### TASK DETAILS:
In the material below, find the line with "Qty (1) Material" and the line with "endless wedding table with colorful flowers", then output both and every line between them exactly, omitting pictures.

### DATA UNDER STUDY:
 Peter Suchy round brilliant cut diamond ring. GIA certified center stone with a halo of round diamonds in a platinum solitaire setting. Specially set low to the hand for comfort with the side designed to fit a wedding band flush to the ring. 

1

---

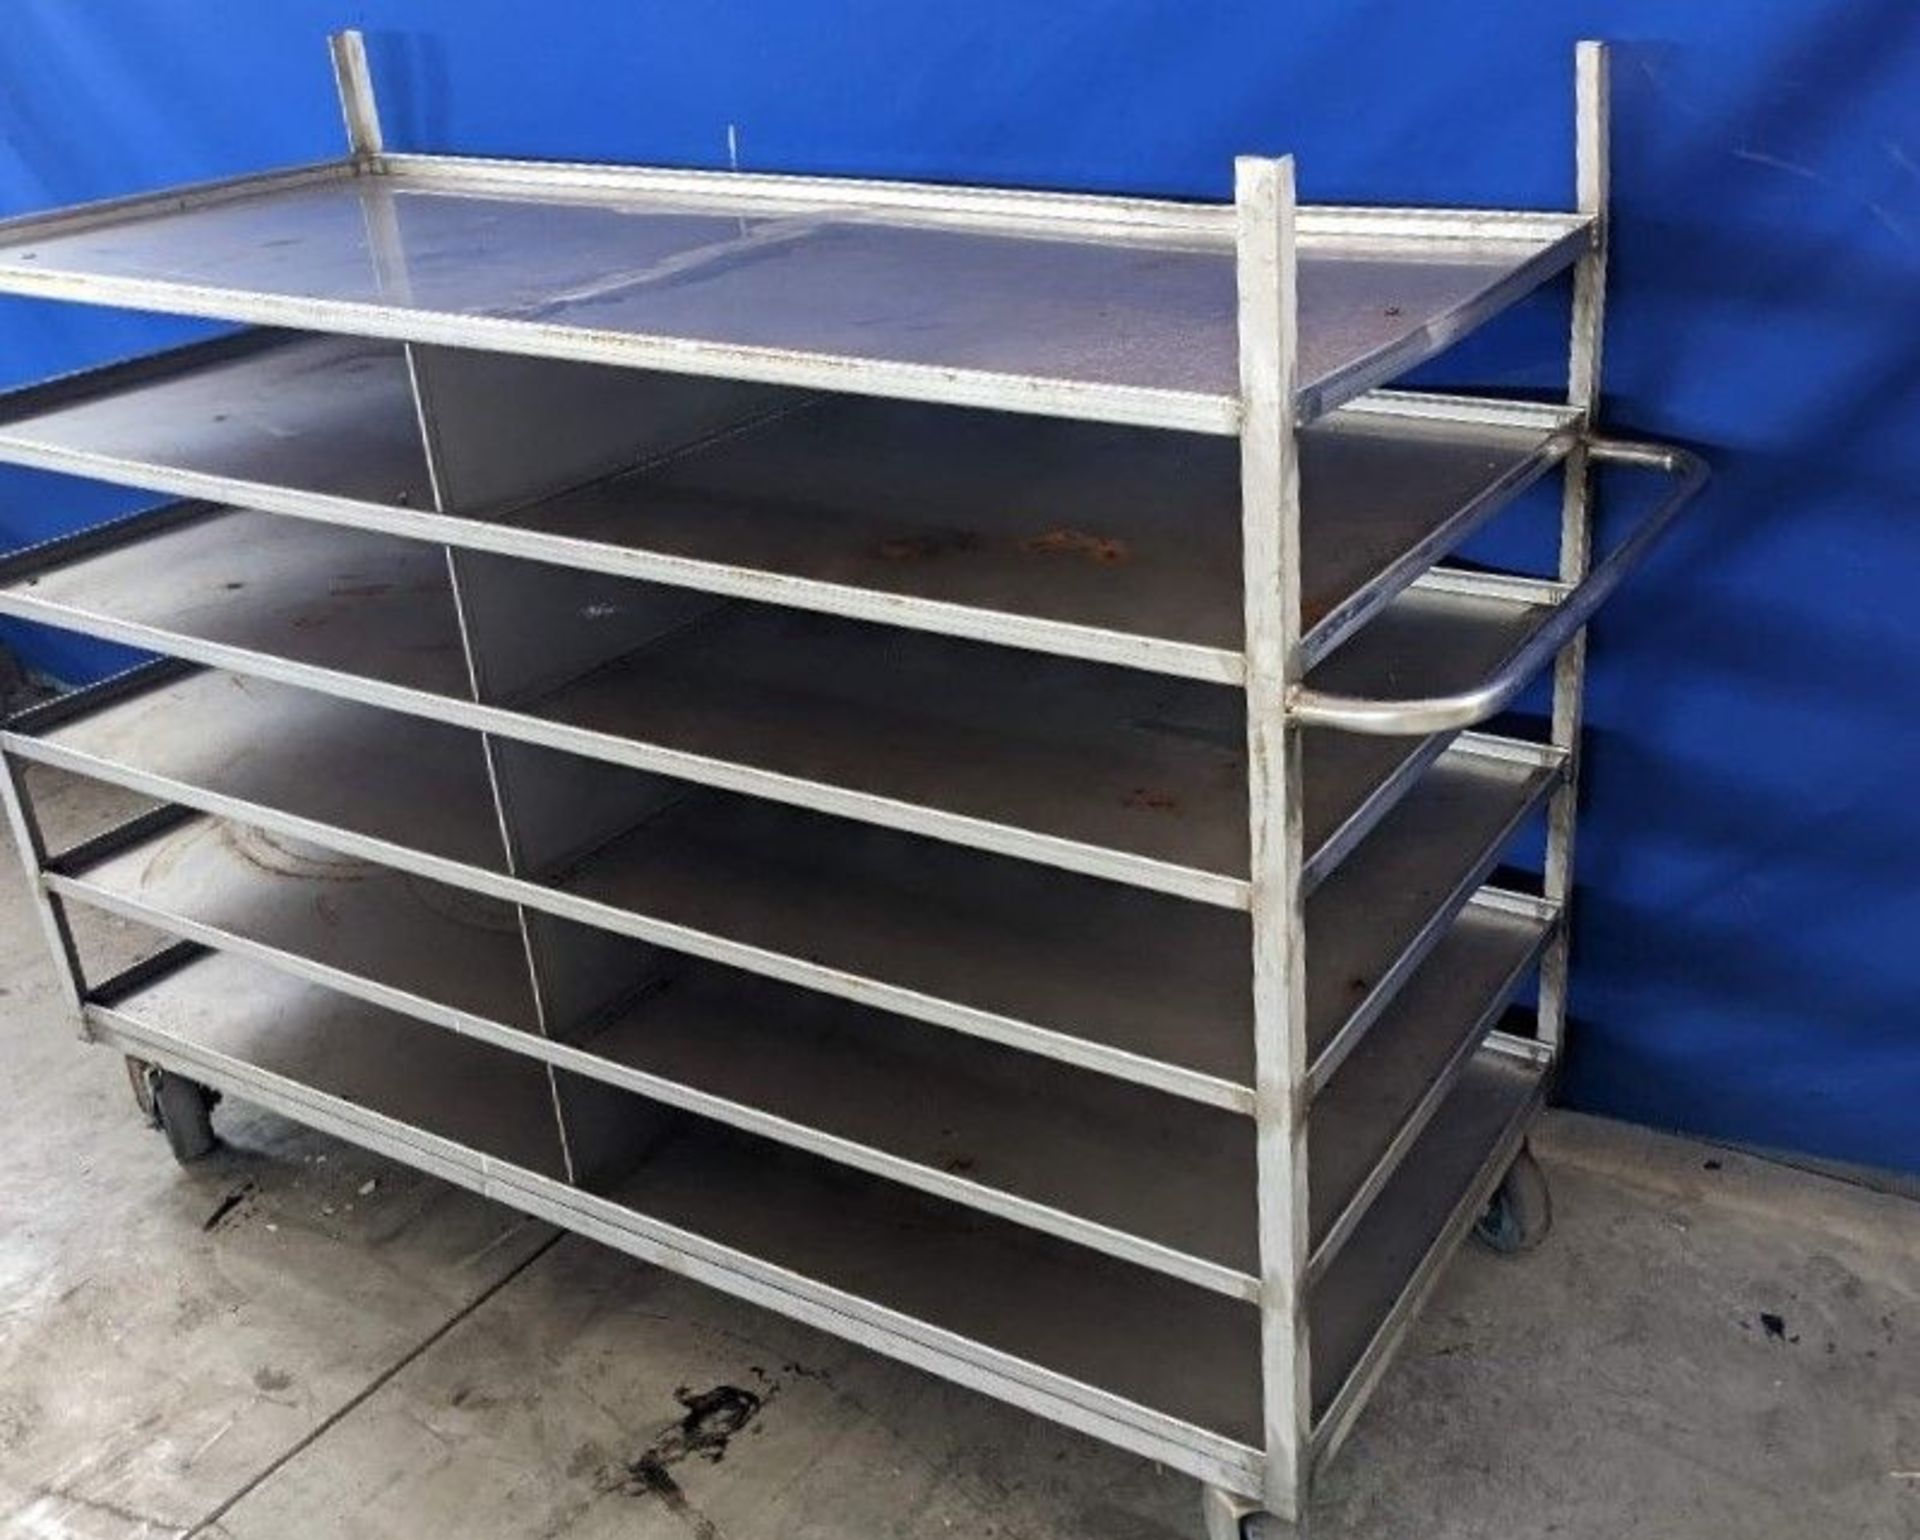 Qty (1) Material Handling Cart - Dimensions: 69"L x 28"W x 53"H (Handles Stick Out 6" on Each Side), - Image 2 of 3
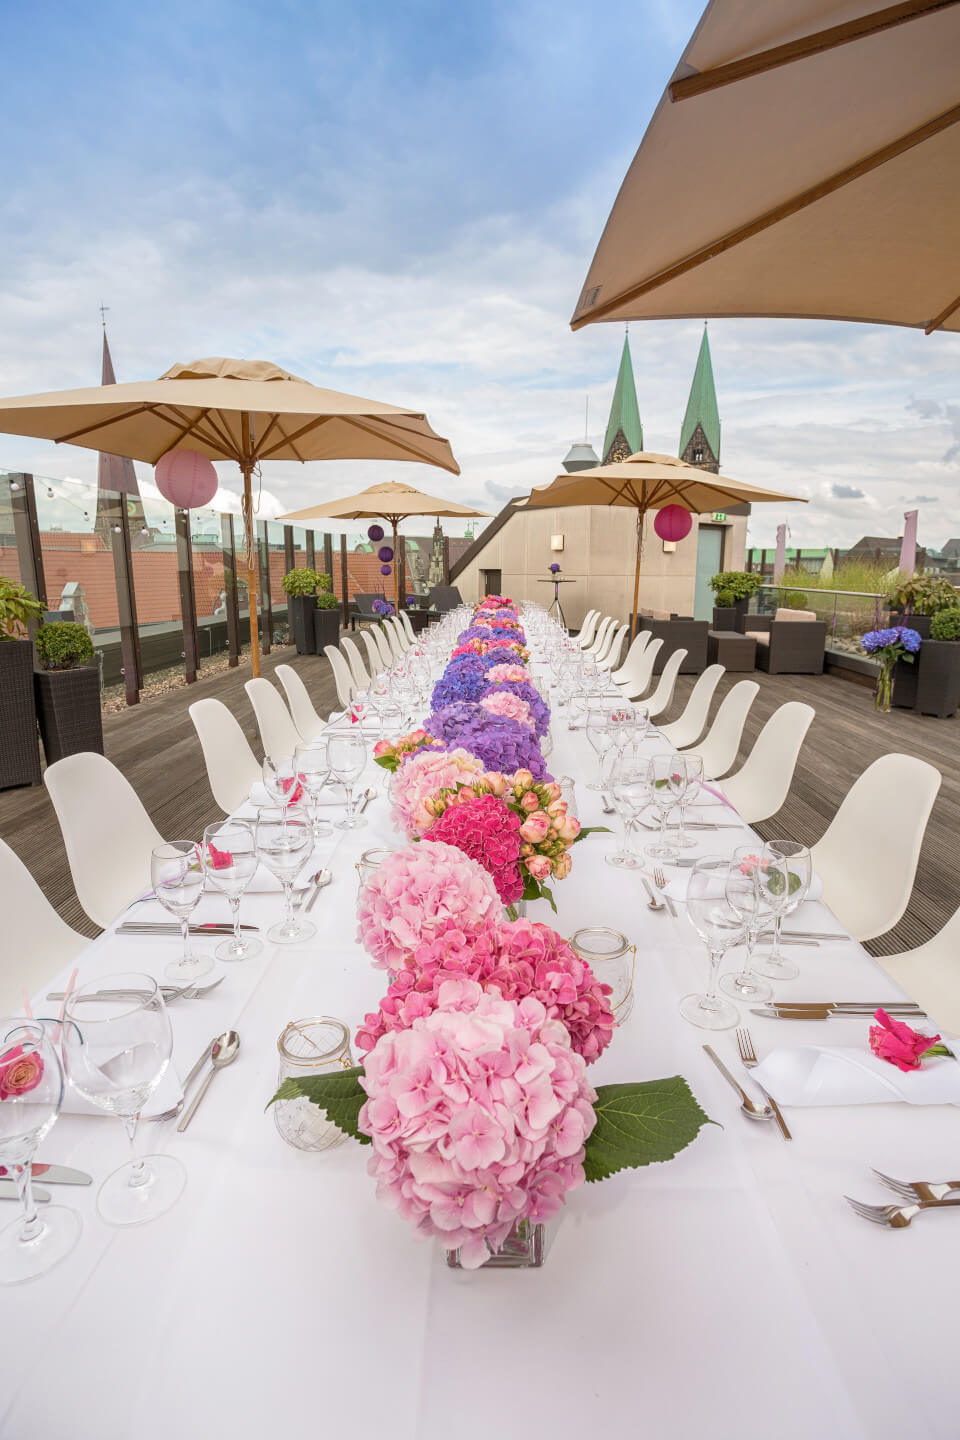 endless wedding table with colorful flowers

### SOLUTION:
 Qty (1) Material Handling Cart - Dimensions: 69"L x 28"W x 53"H (Handles Stick Out 6" on Each Side), - Image 2 of 3
 endless wedding table with colorful flowers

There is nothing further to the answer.